Итак, самое начало осени 1983 года. 1 сентября. Ночь. Красавец лайнер "Бойнг-747" выполняющий рейс КЕ-007 по маршруту Нью-Йорк-Анкоридж-Сеул сбивается с предписанного курса и вторгается в советское воздушное пространство над полуостровом Камчатка...
Х Х Х
Кативший по Садовому кольцу задрипанный таксомотор, повинуясь воле Девочки свернул у гостиницы "Белград" направо и через пару минут притормозил на привокзальной площади. Так уж вышло, что в тот миг когда она садилась в машину, ей до слез жалко стало уплывающего в сероватой дымке выходного дня, расхотелось ехать, но было уже поздно, мотор подвывая завелся, и она тихо и неуверенно ответила на молчаливый взгляд водителя: "Это рядом с Киевским вокзалом, я покажу". Да, жаль пропавшего летнего воскресения, вот она и решила сойти у вокзала и остаток пути пройти пешком, ей в голову не пришло, что привокзальная площадь даже в выходные не отличается спокойным нравом. А чуть позже, когда перерешила, сумрачный водитель показался ей слишком занятым важным делом переключения скоростей, и она как-то постеснялась отвлечь его от серьезного занятия. Пришлось ей сойти на кромке пропыленной и галдящей площади, а вдобавок, переплатив по доброте душевной целый рубль, сильно хлопнуть - иначе не закрывалась - дверцей.

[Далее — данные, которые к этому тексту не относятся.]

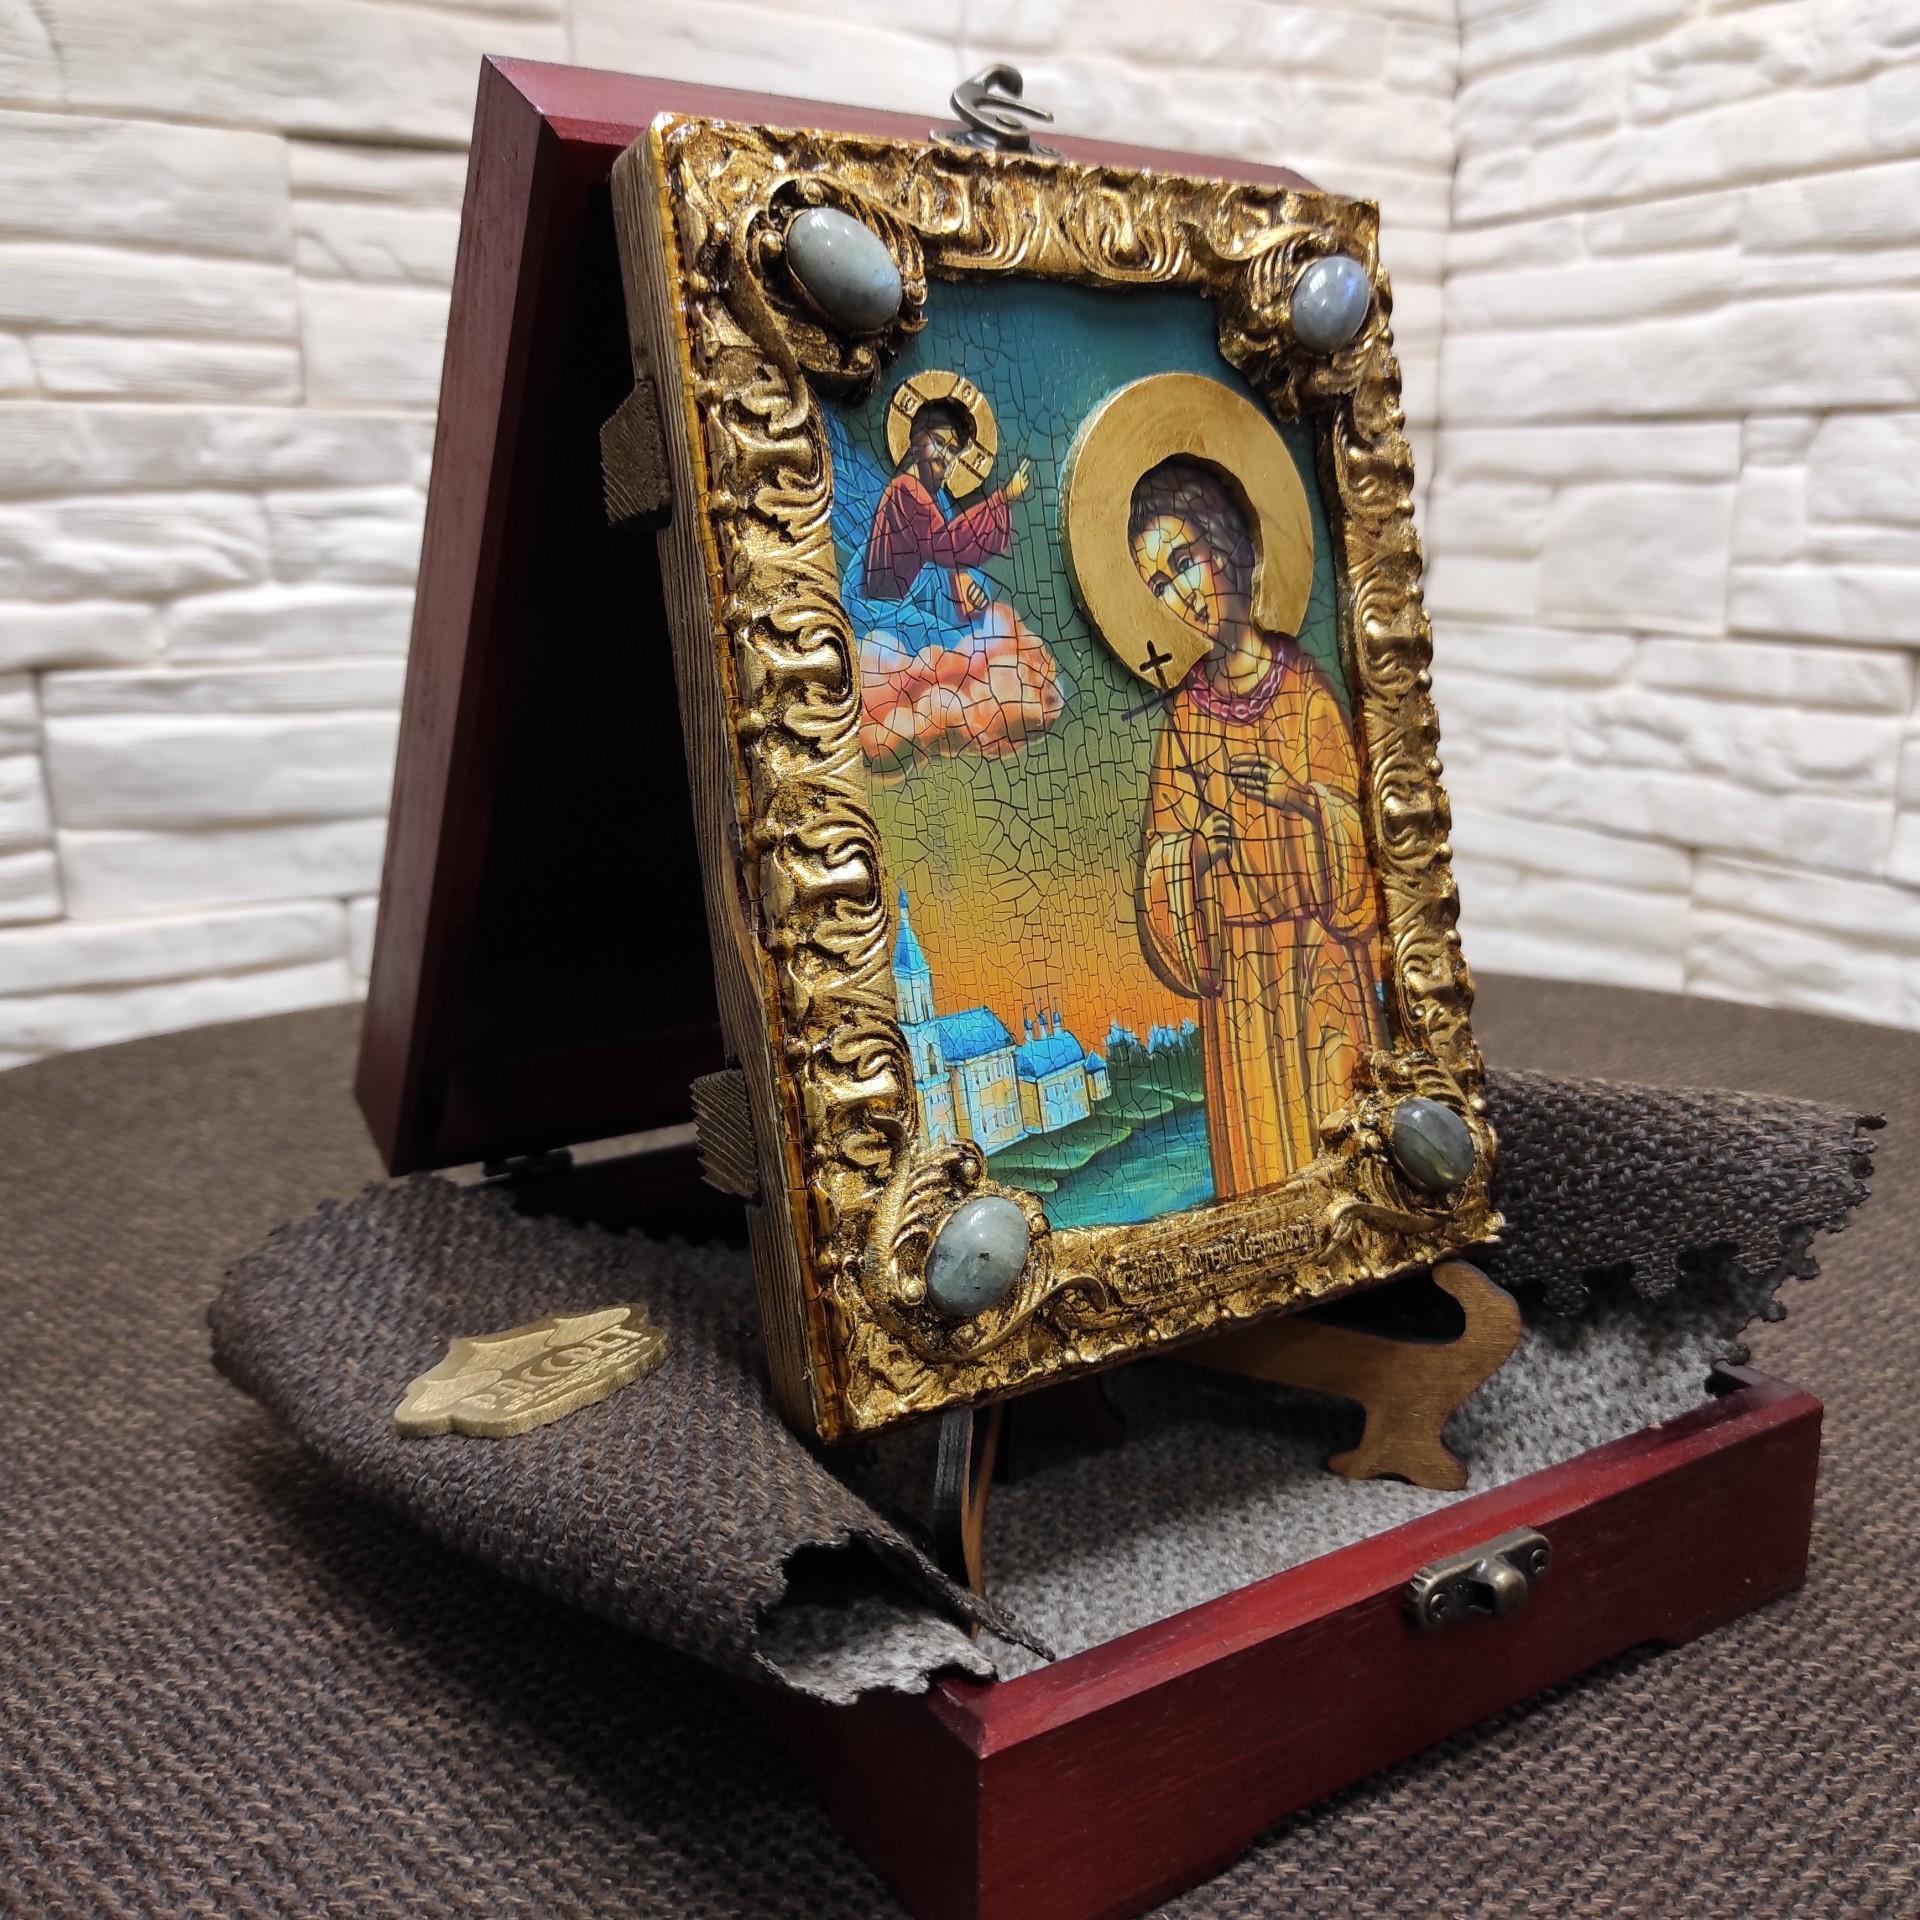 Фото небольшой иконы Артемия Веркольского, подарочная на подставке в футляре

Дом в котором она снимала квартиру, находился неподалеку, в десятке минут неспешной ходьбы. Она пересекла площадь и медленно пошла домой мимо полупустых привокзальных ларьков и закрытых на выходной магазинов. Вот уже второй год она обитает здесь, иногда ей даже кажется будто в этой уютной квартирке она жила вечно. Она плыла по узкому тенистому тротуару вдоль стены длиннющего дома, голубое воскресное небо опускалось на зеленые кроны высоких кленов, их ветки надежно защищали ее от уличной пыли и тягучих тепловозных гудков, и тот, кому посчастливилось бы увидеть ее в эти сказочные мгновения, наверняка сравнил бы ее с принцессой.
Добравшись, наконец, до своей квартиры и переступив ее порог, она почувствовала, что у нее подкашиваются ноги. Едва приведя себя после длительной прогулки в порядок, она, накрывшись пледом, прикорнула на широком спальном диване и быстро забылась в чутком, но тяжелом сне.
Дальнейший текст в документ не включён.